La Bourse de New York a encore une fois terminé en ordre dispersé mardi, tiraillée entre les derniers chiffres de l’inflation aux Etats-Unis, qui confortent le scénario d’un statu quo de la Fed sur les taux, et la baisse continue de Boeing avec la multiplication des interdictions de vol visant son 737 MAX.

L’indice Dow Jones a perdu 0,38%, grevé par la chute de 6,15% de Boeing qui avait déjà perdu 5,33% lundi.

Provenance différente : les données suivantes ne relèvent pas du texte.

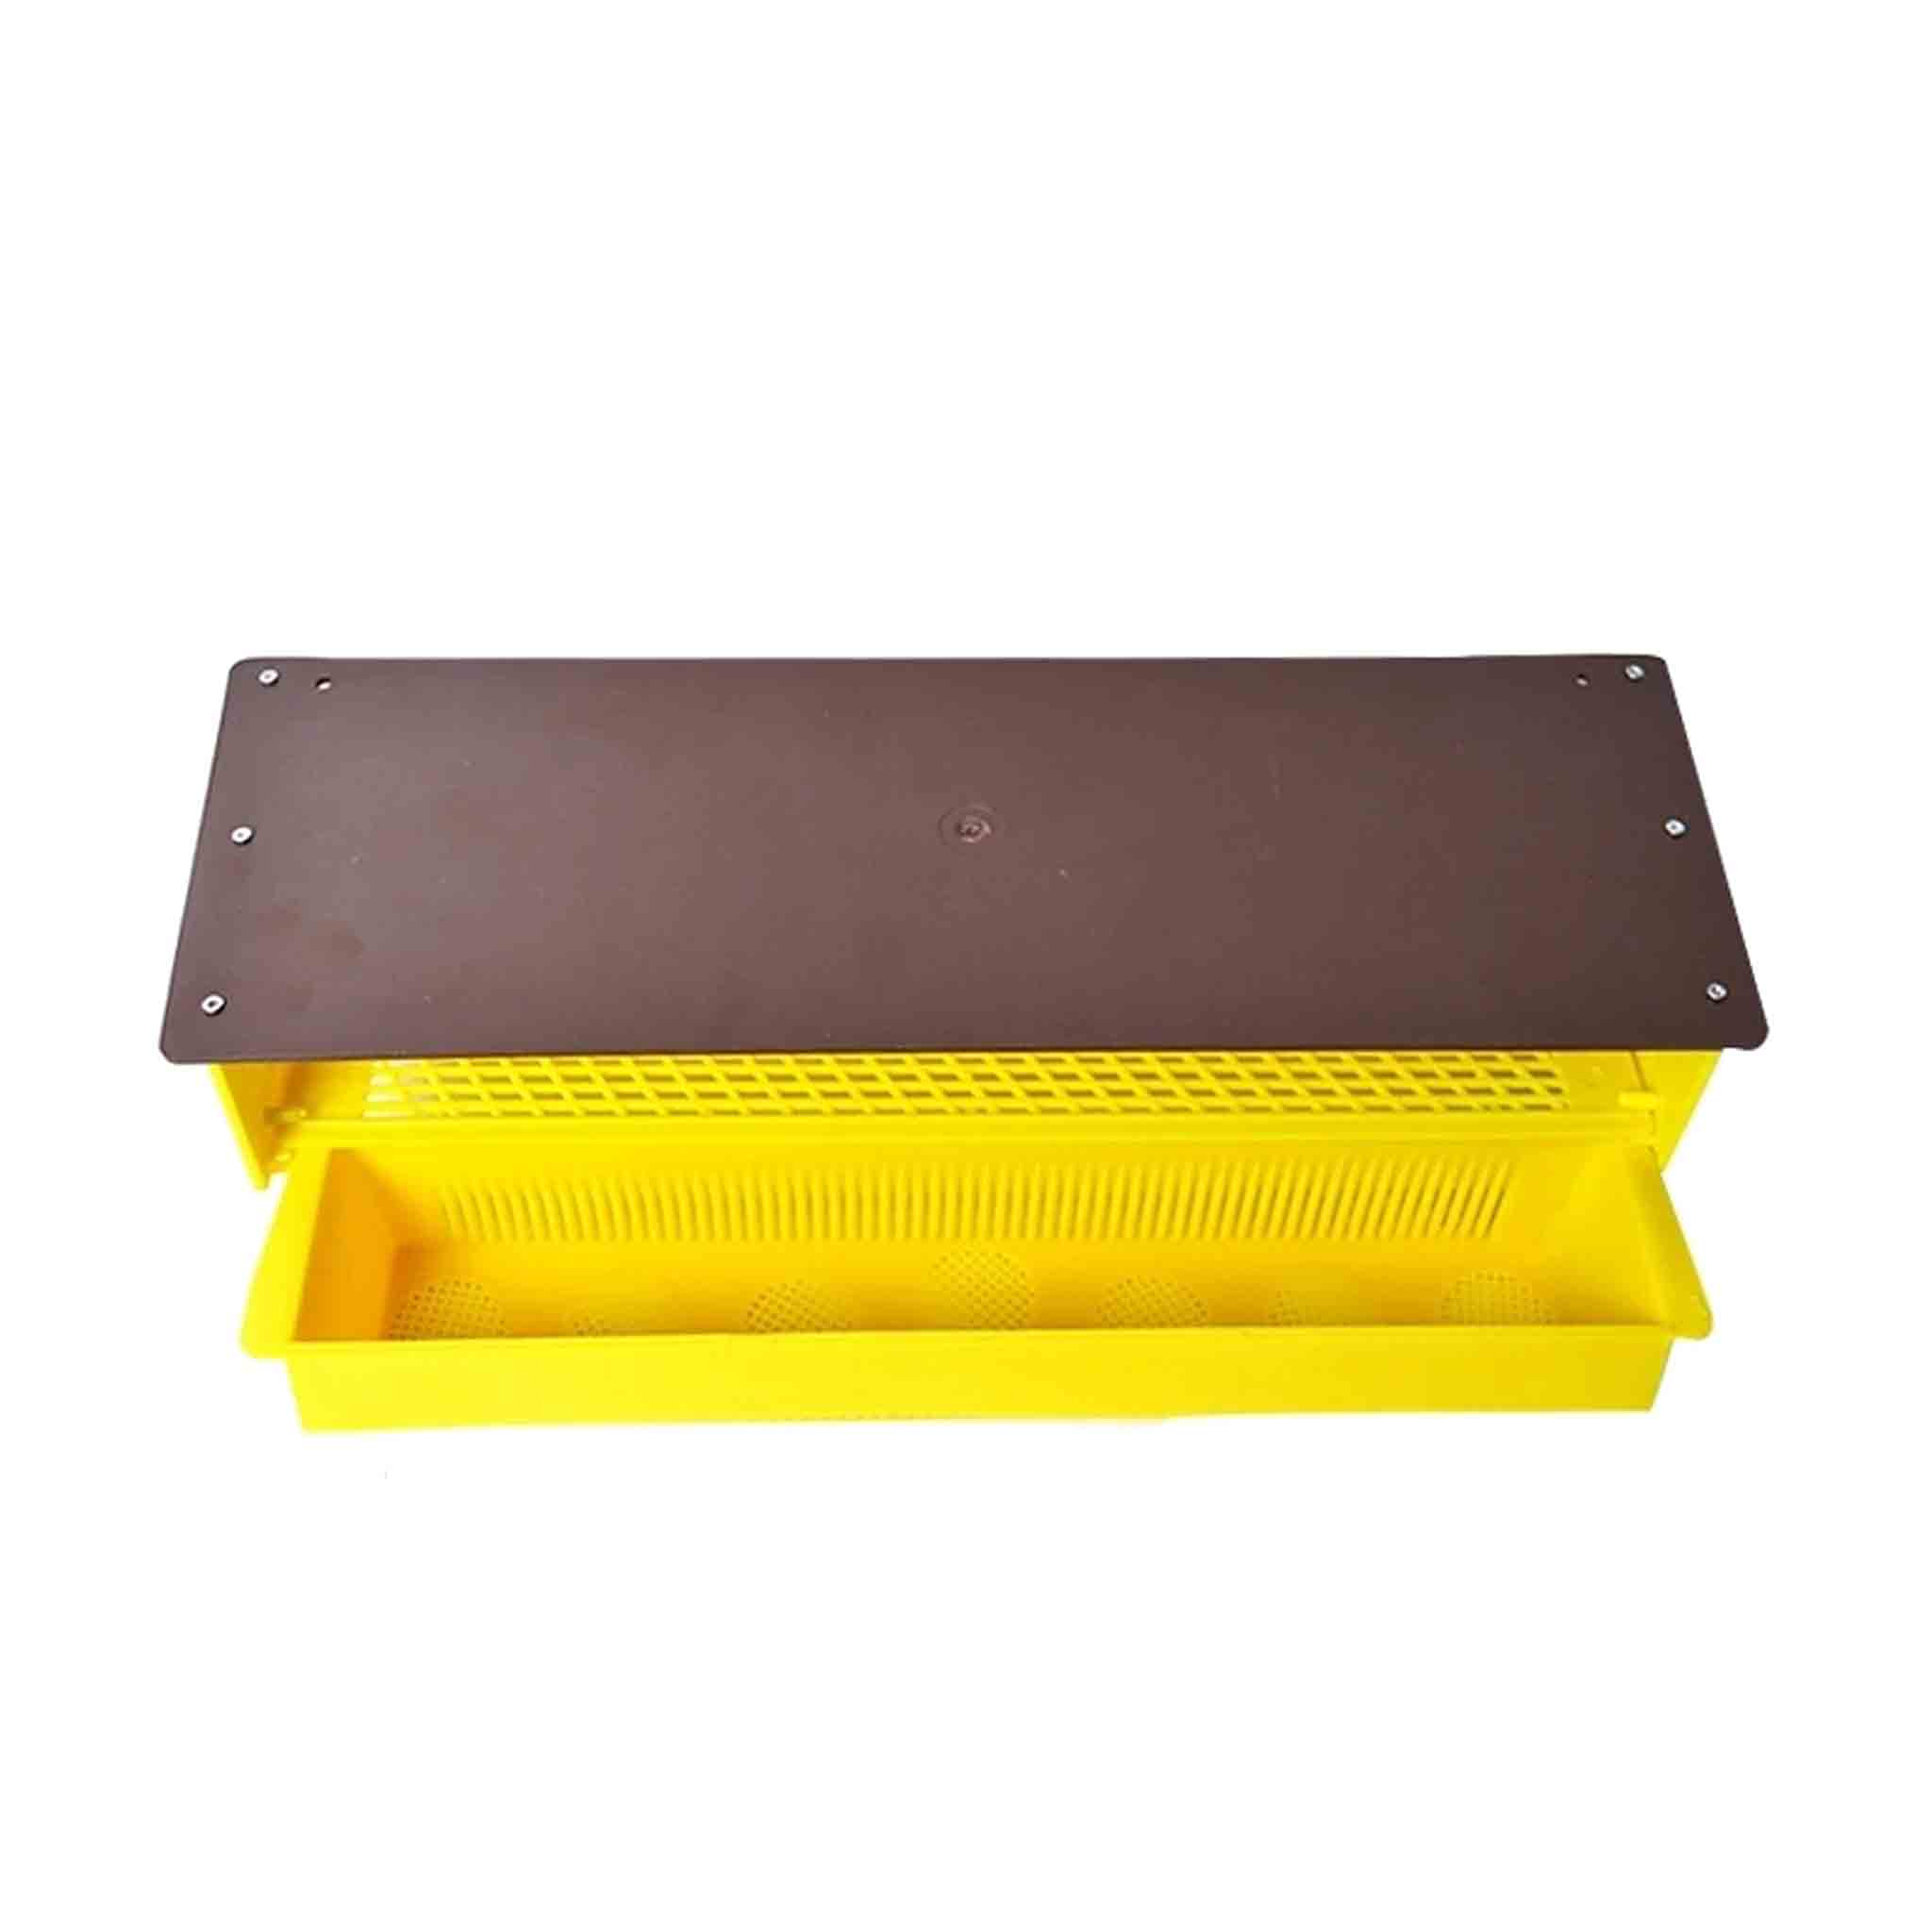 Removable Plastic Ventilated Pollen Trap/Collector with Pollen Collecting Tray - Health collection by Buzzbee Beekeeping Supplies

La capitalisation du numéro un américain de l’aéronautique et de la défense a fondu de plus de 11% depuis lundi matin, son recul le plus marqué sur deux séances depuis juin 2009, après le deuxième crash en cinq mois d’un Boeing 737 MAX 8.

Le Standard & Poor’s 500 a pris 0,30% et le Nasdaq Composite a progressé de 0,44%.

Les contrats à terme sur les indices américains signalent pour l’heure une ouverture sans grand changement mercredi.

TAUX

Le rendement des Treasuries à dix ans remonte autour de 2,617% après avoir perdu quatre points de base mardi en réaction à la faiblesse observée de l’inflation aux Etats-Unis en janvier.

En Europe, le rendement du Bund à dix ans évolue peu, autour de 0,065%.

Le Gilt britannique à dix ans est quant à lui en hausse de près de deux points de base, à 1,18%.

PÉTROLE

Les cours du brut restent soutenus par la perspective d’une réduction prolongée de l’offre avec les mesures mises en oeuvre par l’Opep et ses alliés ainsi que les sanctions américains contre l’Iran et le Venezuela.

Le baril de Brent s’approche des 67 dollars et celui du brut léger américain (WTI) cote à plus de 57 dollars.

MÉTAUX

Les incertitudes entourant le Brexit et l’accès de faiblesse du dollar ont poussé l’or à un plus haut de deux semaines, à plus de 1.300 dollars l’once.